8. Offering the best pay and the best benefits
This often goes without saying: the company that pays better and has better benefits will attract the better employee. It is important for HR to keep track of the pay scale both at their company and their competitors. The same can be said for the benefits. Being able to compete in this way will help HR attract the best candidate possible.
9. Check references
HR should ALWAYS check references and do background checks. In today’s society, HR needs to pursue every avenue to assure that the people being hired can do the job, contribute to the company’s growth and development, and have no past transgressions which might endanger the current workforce. In fact, the company may be liable if a background check was not conducted and it was later learned the new employee attacked another employee at a previous job.
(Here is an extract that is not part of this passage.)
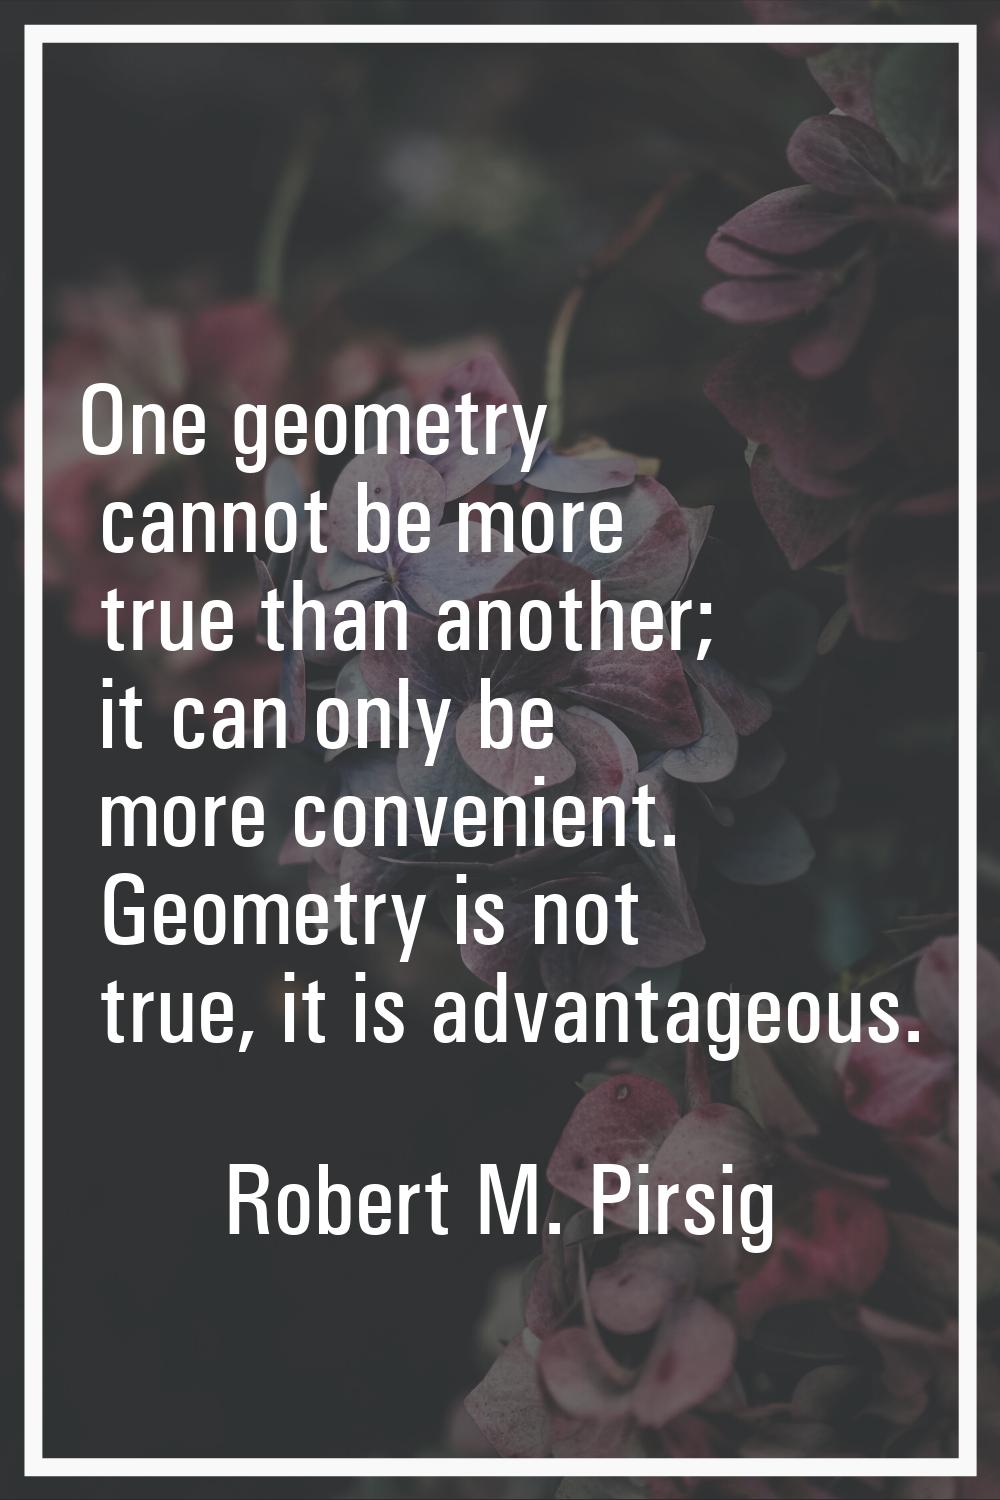 One geometry cannot be more true than another; it can only be more convenient. Geometry is not true

10. Offboarding is as important as onboarding
The majority of the information included in this article focuses on finding and hiring the best talent. Many of those strategies include using current employees. HR should also harness the power of former employees. Not all relationships that have ended between employee and employer are negative. Those who left the company on good terms will often speak positively to other potential employees. Even better, these former employees could turn into boomerang employees meaning that they eventually return to work for the company. If the relationship ended on bad terms, neither of these prospective strategies will work.
The Future of Recruitment
Recruitment is more important now than it has ever been. The face of recruitment itself is changing and HR has to find ways to adapt quickly to that transformation. The overall challenge is staying ahead of that transformation and being able to read the proverbial “tea leaves” and predict the next big change to come. In the meantime, HR continues to search and acquire the right and best candidates. Talent is the lifeblood of a company. Without it, a business cannot hope to survive. The stronger the recruited talent, the better the future of the business.